▸ Exercise aim:
Leaving out every picture, please repeat exactly the line that contains "รายงานสดจากประชุม UNESCO: โซเชียลมีเดียคือ" and each line after it through the final line below.

▸ Exercise data:
== Segment start ==

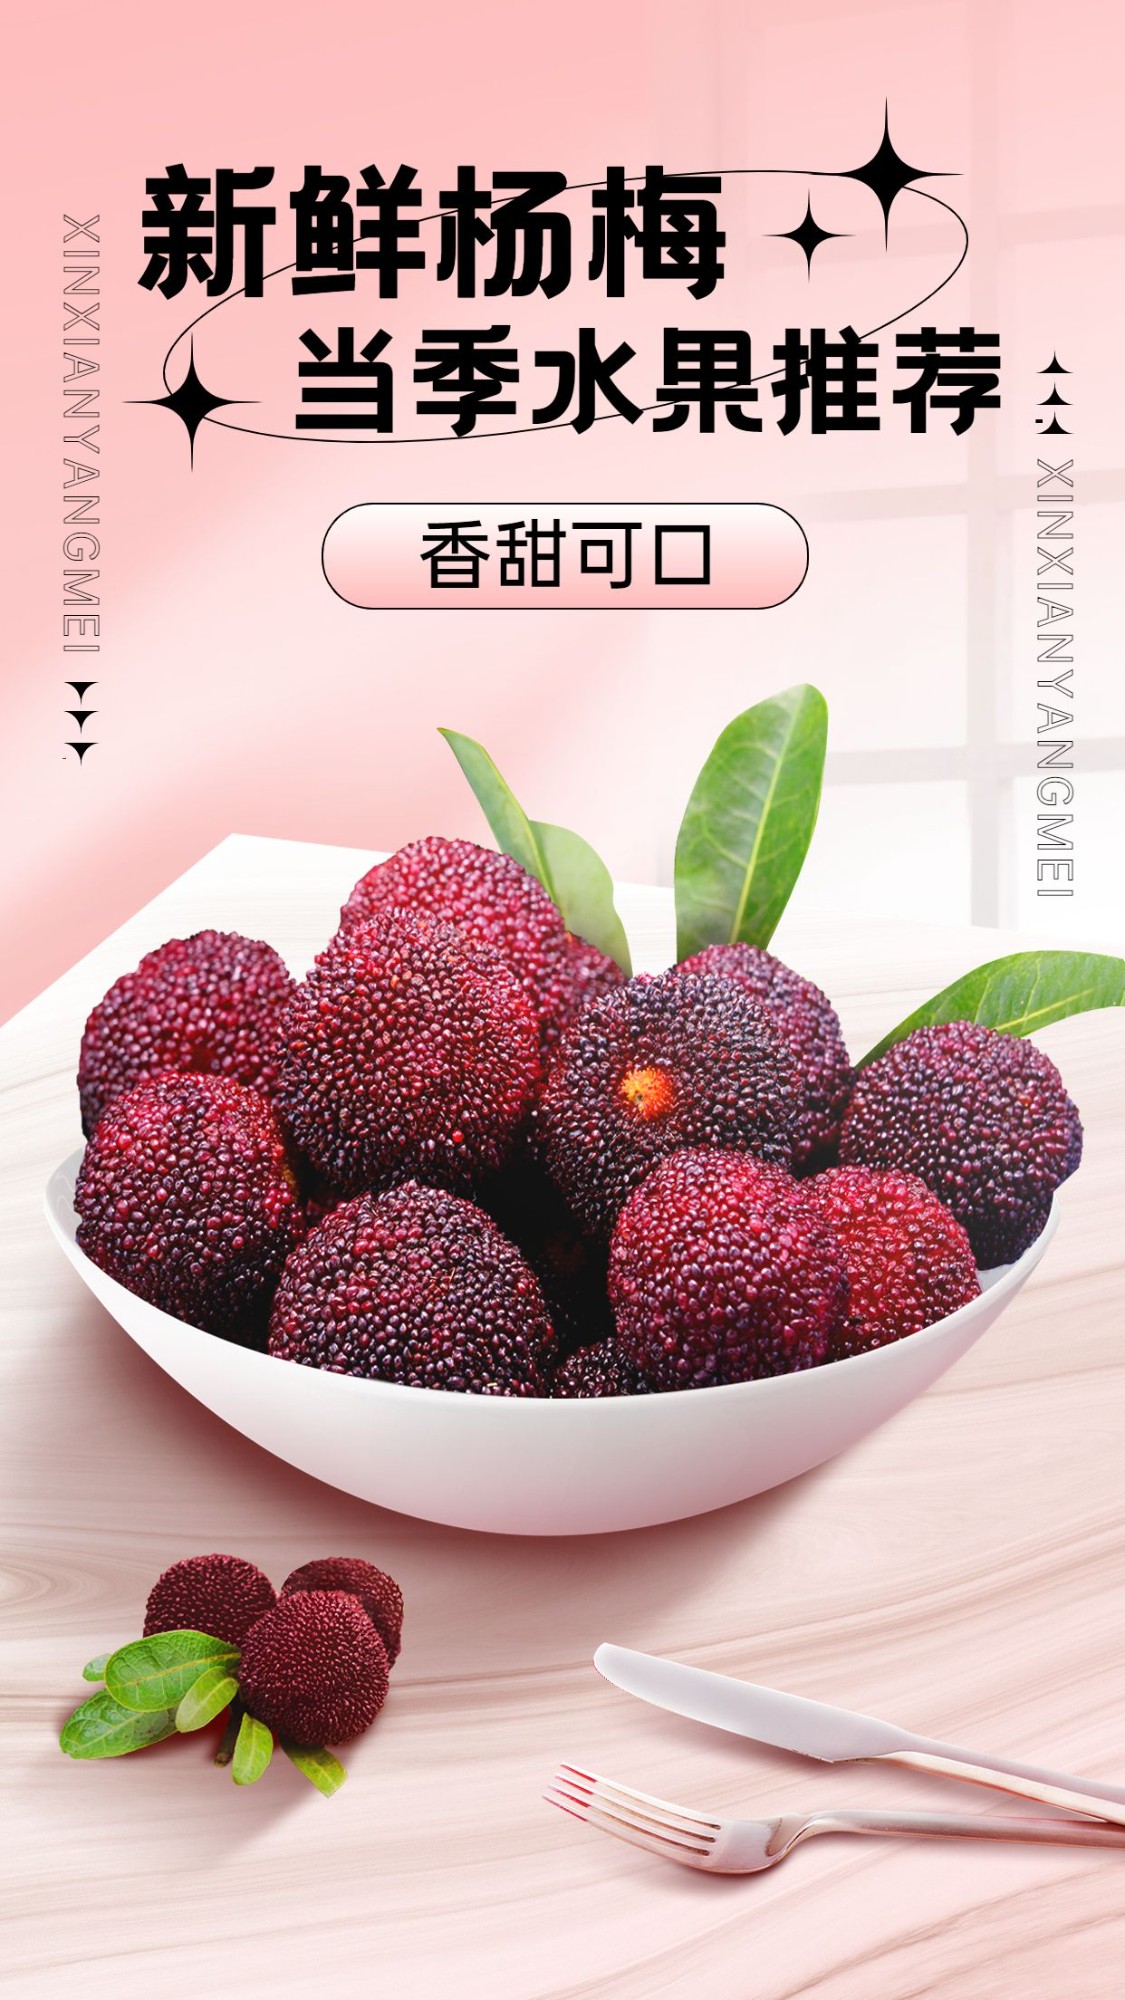 食品生鲜水果杨梅产品展示竖版海报预览效果
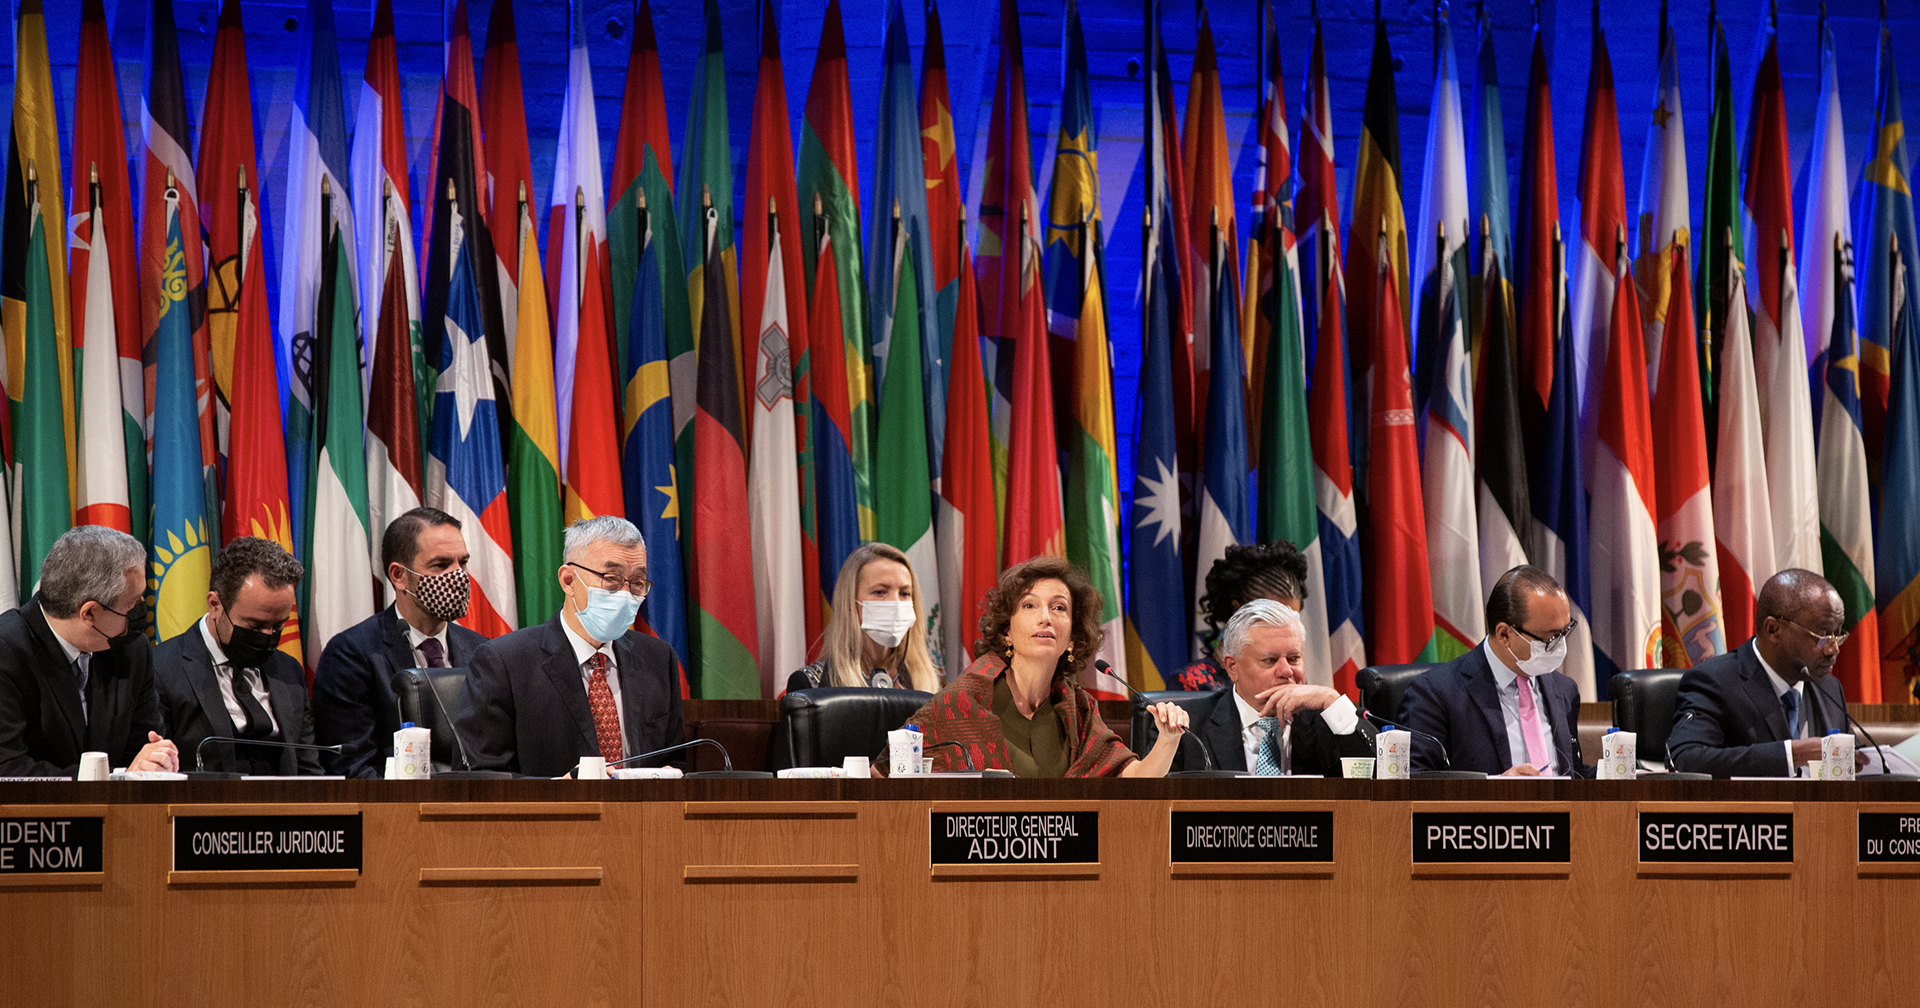 รายงานสดจากประชุม UNESCO: โซเชียลมีเดียคือ ‘เสรีภาพทางความคิด’ หรือ ‘แหล่งข่าวปลอม’
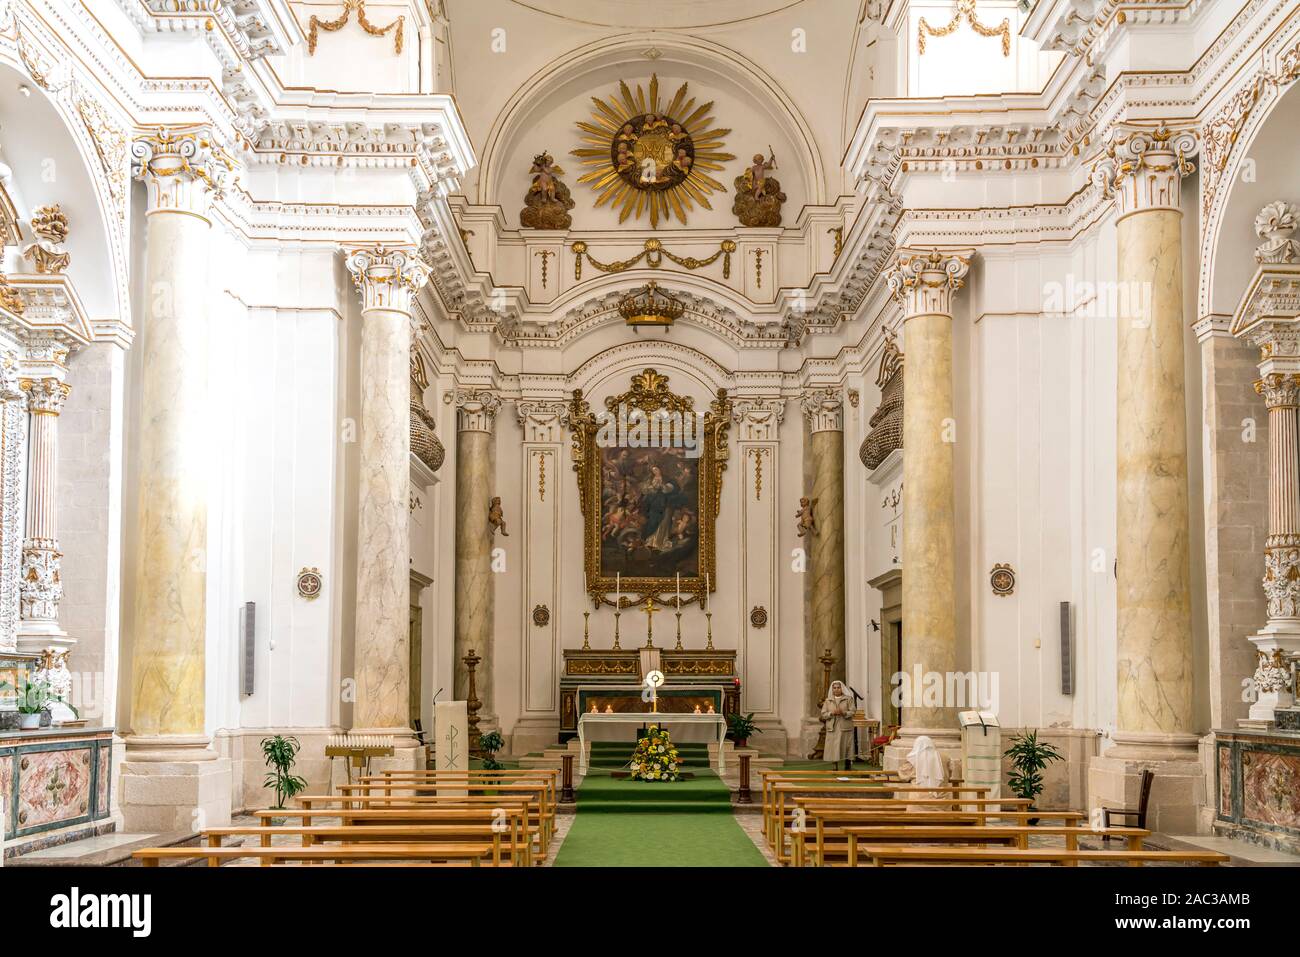 Innenraum der Kirche Santa Maria della Concezione, Insel Ortigia, Syrakus, Sizilien, Italien, Europa  |  church Santa Maria della Concezione interior, Stock Photo
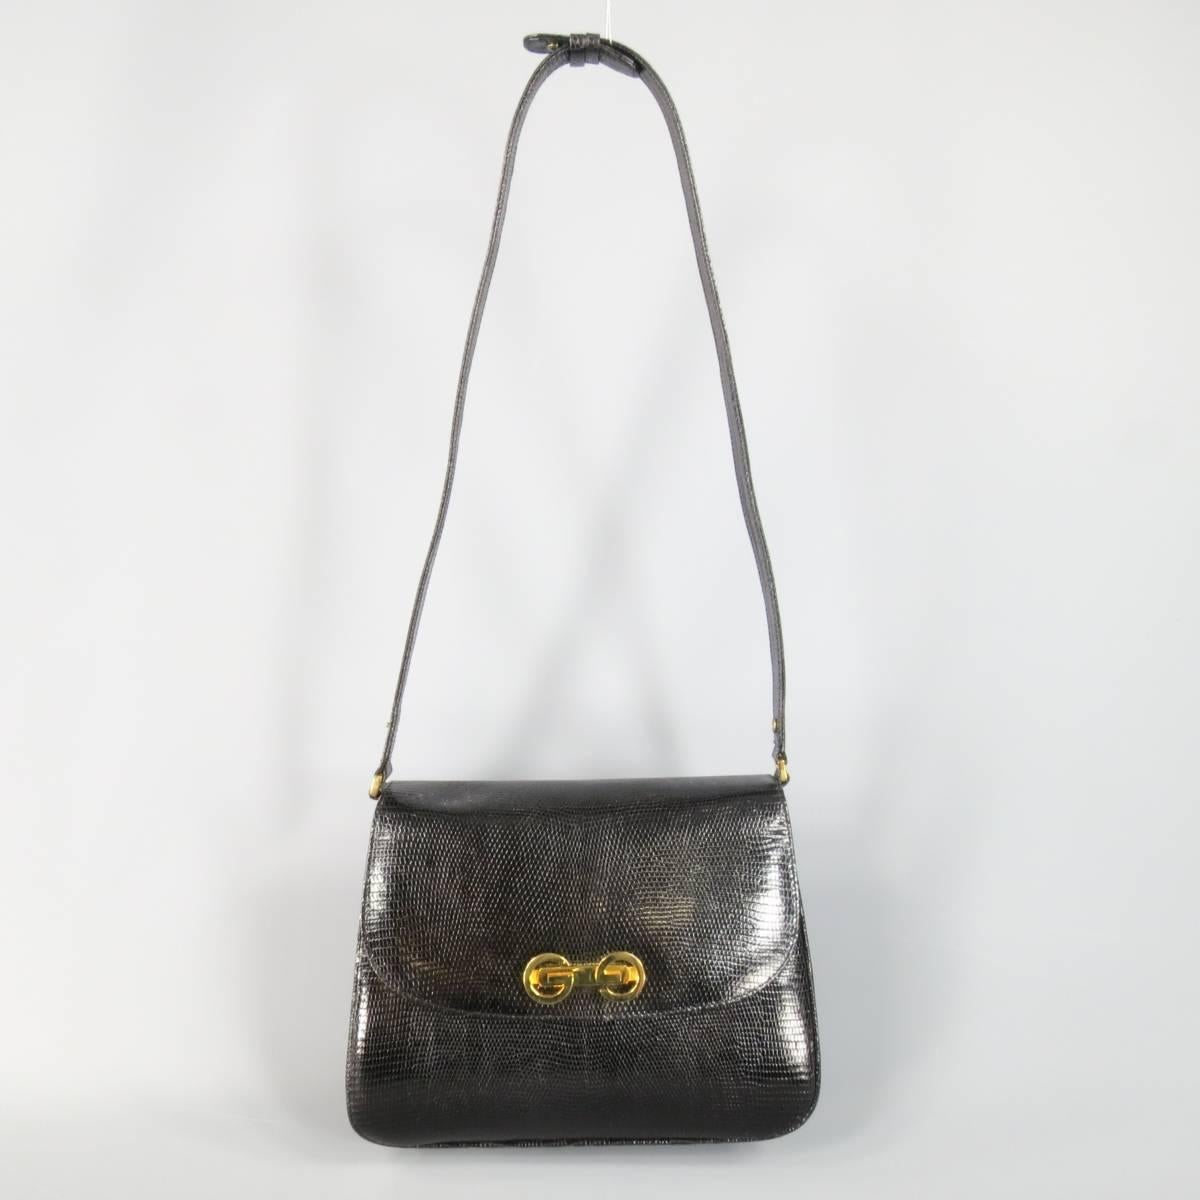 Vintage GUCCI Black Lizard Skin Leather Gold G Handbag 1

== Segment end ==

▸ Exercise result:
 รายงานสดจากประชุม UNESCO: โซเชียลมีเดียคือ ‘เสรีภาพทางความคิด’ หรือ ‘แหล่งข่าวปลอม’
 Innenraum der Kirche Santa Maria della Concezione, Insel Ortigia, Syrakus, Sizilien, Italien, Europa  |  church Santa Maria della Concezione interior, Stock Photo
 Vintage GUCCI Black Lizard Skin Leather Gold G Handbag 1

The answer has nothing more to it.